É em um cenário de declínio da produção de ouro em São João del-Rei que começa a história do casarão. A vila, que antes cumpria importante papel na extração aurífera, passou a ser ponto comercial. O surgimento de novos e expressivos comerciantes na área, coloca em cena o comendador João Antônio da Silva Mourão, nascido em 1806.

João Antônio e sua família ocupavam importante posição social e influência na sociedade são-joanense. Foi ordenado com duas Comendas – da Ordem da Rosa e da Ordem de Cristo -, insígnias concedidas durante o Império para aqueles que propagassem a fé, o culto cristão e a fidelidade ao Imperador.

Já com idade avançada construiu em 1859 sua casa em frente à Praça Severiano Resende (antiga Praça do Tamandaré). A casa foi erguida aos moldes da imponência frequentemente vista entre os mais ricos da cidade, com posição privilegiada na esquina e cômodos largos e extensos. A arquitetura ficou mesclada na fachada, entre decorações mais simples  e ornamentos em uma das laterais, misturando pompa com simplicidade construtiva em seus três andares, detalhe incomum já que os sobrados normalmente eram construídos em dois andares apenas. A fachada não teve um estilo bem definido, cada um de seus lados exibe uma arquitetura diferente que varia entre o rococó, neo-clássico e colonial. Essa foi uma escolha feita pelo comendador à época que desejava que seu sobrado exibisse a pompa e a riqueza, mas sem perder a funcionalidade. A fachada mais ornada é justamente a que está de frente à praça.  A conclusão da obra se deu com a instalação de sua família ocupando o segundo e terceiro andar. O primeiro andar ficou destinado à loja de secos e molhados do comendador.

Preservação x Progresso:

“Ide a São João del-Rei/De trem/Como os Paulistas foram/A pé de ferro”. O poema escrito por Oswald de Andrade há mais de 90 anos atrás testemunhava a histórica expedição cultural a Minas Gerais na década de 20. Desembarcaram em São João del-Rei durante a Semana Santa, intelectuais da Semana de Arte Moderna, como a pintora Tarsila do Amaral e os poetas Carlos Drummond, Mário e Oswald de Andrade. A redescoberta das manifestações do Barroco mineiro serviu de inspiração não apenas no cenário artístico, mas também para levantar o debate sobre preservação e valorização do patrimônio cultural.

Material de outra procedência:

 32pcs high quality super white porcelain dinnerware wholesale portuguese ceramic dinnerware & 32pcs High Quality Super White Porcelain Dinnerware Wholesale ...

Em 1938, durante o governo Vargas, o anteprojeto de autoria de Mário de Andrade, sob a administração de Rodrigo de Melo Franco, dá origem a  Diretoria do Patrimônio Histórico e Artístico Nacional (Dphan), que posteriormente mudaria de nome e se tornaria o atual Instituto do Patrimônio Histórico e Artístico Nacional, o Iphan. Com a missão de assegurar a preservação do Barroco, dá-se início ao processo de tombamento do conjunto arquitetônico e urbanístico de São João del-Rei. De acordo com a lei, pouco poderia ser modificado nessas edificações. E foi a partir daí que a disputa começou: o antigo casarão do comendador localizava-se no centro da cidade e os herdeiros proprietários solicitam a demolição completa do imóvel para a construção de um hotel.  Obviamente, o pedido foi negado, oferecendo ao proprietário apenas a possibilidade de reformá-lo, a fim de não comprometer sua aparência externa.

A decisão não agradou nem um pouco. Com a ajuda de influências políticas da região, foi dado início a uma série de impasses que duraram anos e resultaram por fim na venda do sobrado, em 1946, para a Companhia Interestadual de Melhoramentos e Obras S.A. (Cimosa), da qual o futuro presidente do Brasil,  Tancredo Neves, era sócio.

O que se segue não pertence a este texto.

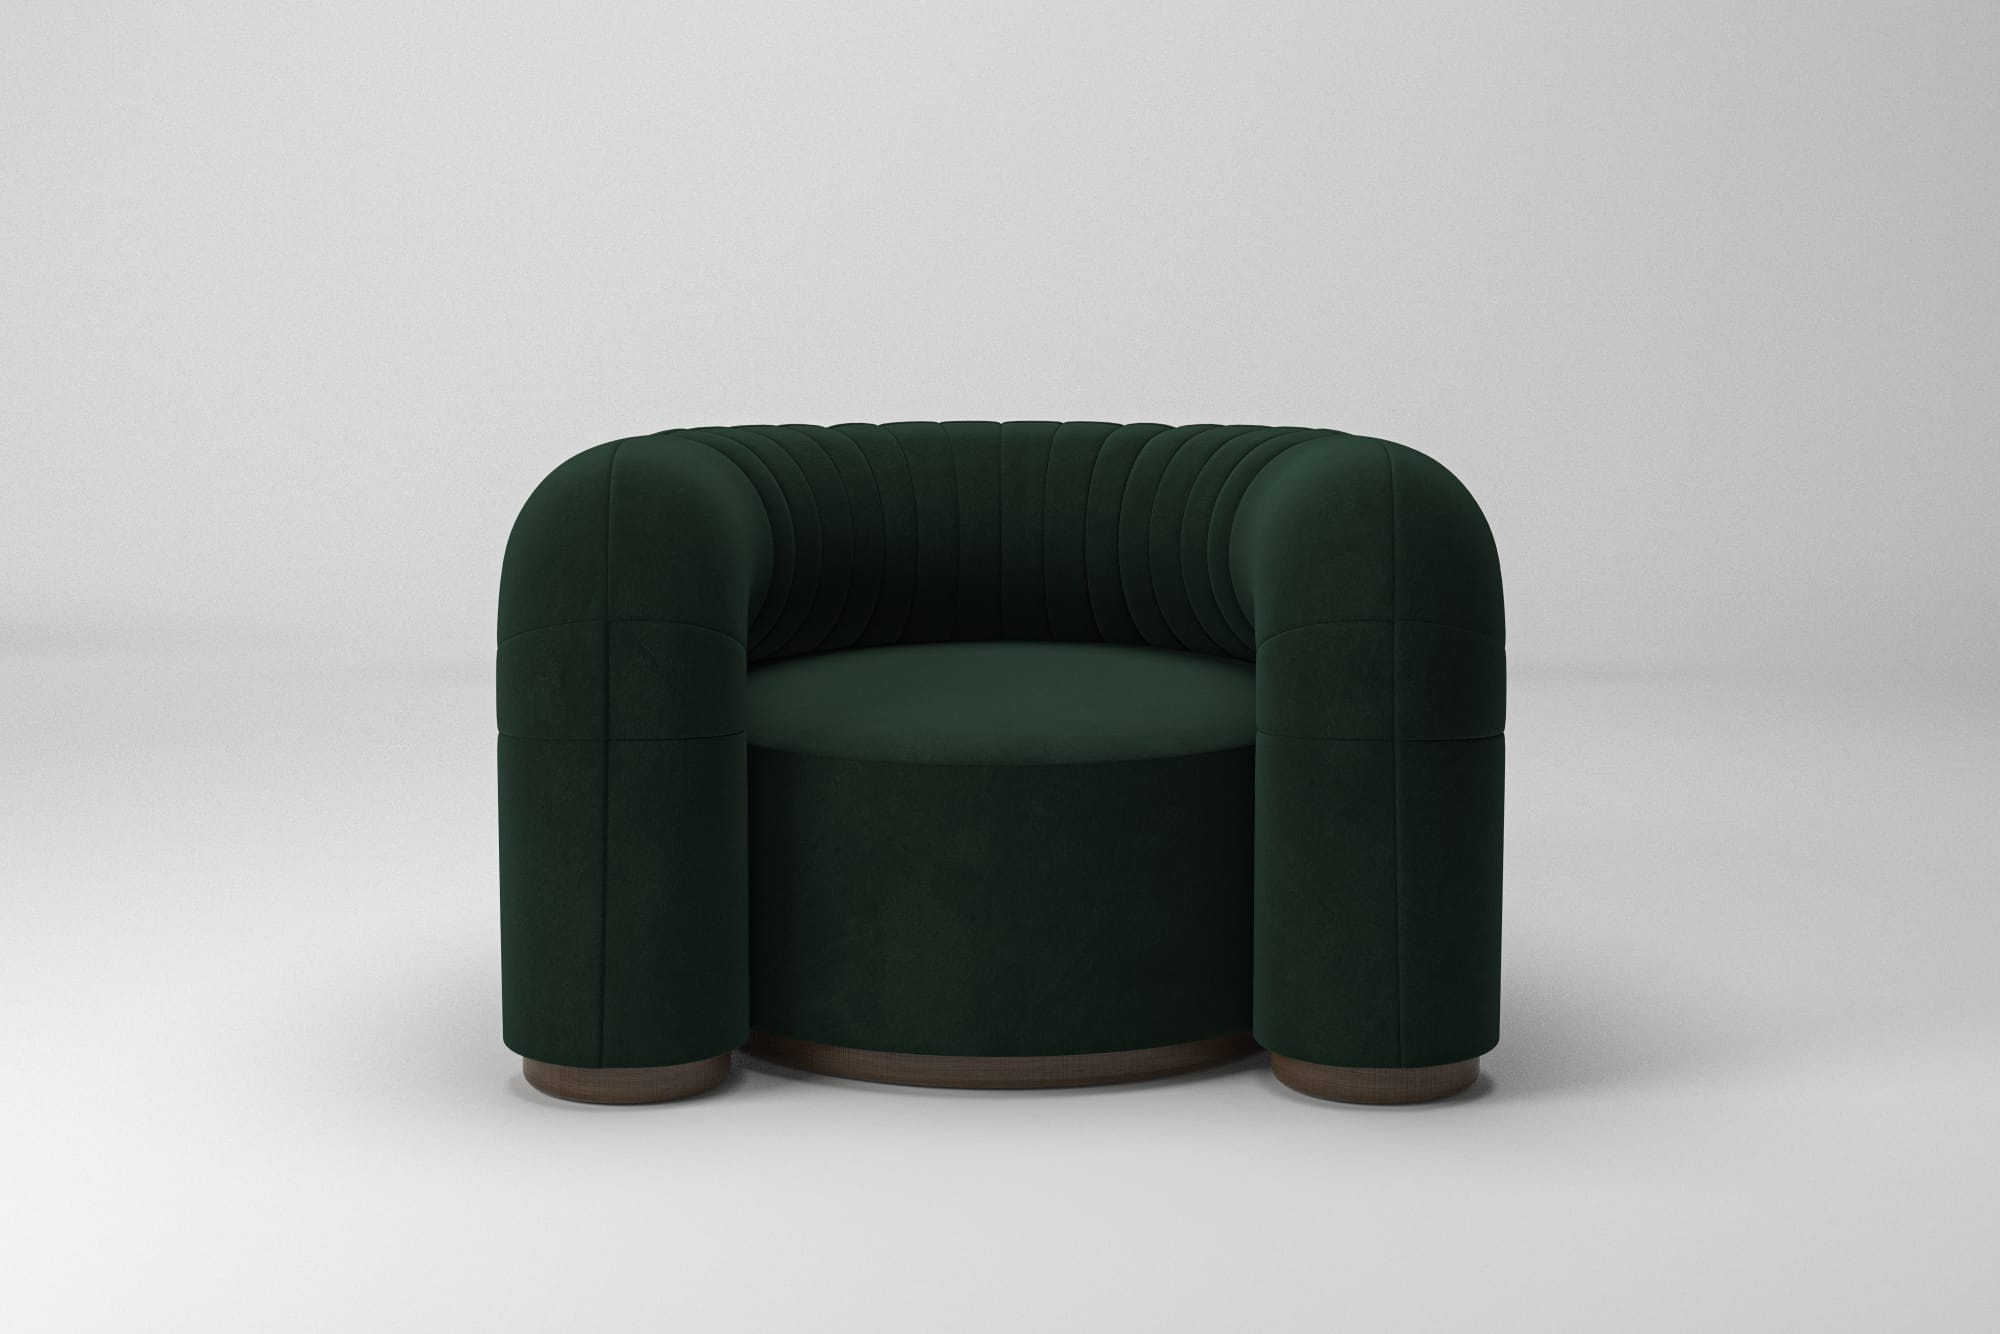 soft round armchair in green

A Cimosa pretendia construir ali um edifício de doze andares e substituir a praça por um terminal rodoviário. Com aval da Prefeitura, deu início a demolição lenta e parcial, contrariando as recomendações do Dphan. Dá-se início, então, à uma intensa disputa progresso x preservação. A elite e a política enxergavam naquele local privilegiado da cidade, conhecido como Largo do Tamandaré, a possibilidade de expansão da economia, por meio  da valorização do turismo, além da insistente corrida para o chamado “progresso”, algo que já acontecia na capital mineira e em todo o país.

Imprensa:

Os jornais da cidade promoveram uma forte campanha pró demolição. Em nome do tal “progresso”, incluíam em seus discursos a justificativa de que, na época, o sobrado nem sequer era centenário e não apresentava relevância artística ou histórica.  Consideravam ainda a falta de estética artística e colonial.

O casarão foi retratado pelos noticiosos como uma estrutura totalmente sem importância ou utilidade, que ocupava espaço em um ponto importante da cidade, empacando o progresso e o crescimento local.

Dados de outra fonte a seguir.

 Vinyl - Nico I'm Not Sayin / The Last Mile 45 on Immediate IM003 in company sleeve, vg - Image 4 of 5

“Tombar indistintamente casas que estão entulhando as nossas ruas, pardieiros (imóveis mal conservados) que infeccionam e provocam náuseas aos transeuntes, como a casa do sobradão,  é um absurdo”, bradou o Jornal O Correio, de São João del-Rei, em 1946.

A medida em que a disputa se intensificava, periódicos como O Diário do Comércio buscaram retratar a situação como “uma sadia e vigilante mentalidade progressista” e que a demolição não era de interesse apenas das elites, quando a população pertencente à classes populares era amplamente a favor e desejava “a construção de um moderno e majestoso hotel” a manter um casarão velho sem utilidade.

Enquanto a campanha dos jornais se propagava e com o aval da Prefeitura, que dificultava e omitia o acesso a informações do estado do casarão, este ia se perdendo aos poucos, silenciosamente, em demolições realizadas pela Cimosa de dentro pra fora, chegando a derrubar todo o segundo andar do sobrado.

Em junho de 1946, foi encaminhado à Assembleia Nacional Constituinte um requerimento para que o Ministério da Educação fundasse na cidade um museu histórico. A Dphan é então encarregada a providenciar o local para sediar o futuro museu e indica o casarão. A jogada foi mal vista por todos, considerando que a população tinha sua opinião baseada apenas no que era divulgado pela imprensa. Apesar disso, a Dphan consegue o tombamento individual da casa, mesmo que àquela altura não restasse muita coisa.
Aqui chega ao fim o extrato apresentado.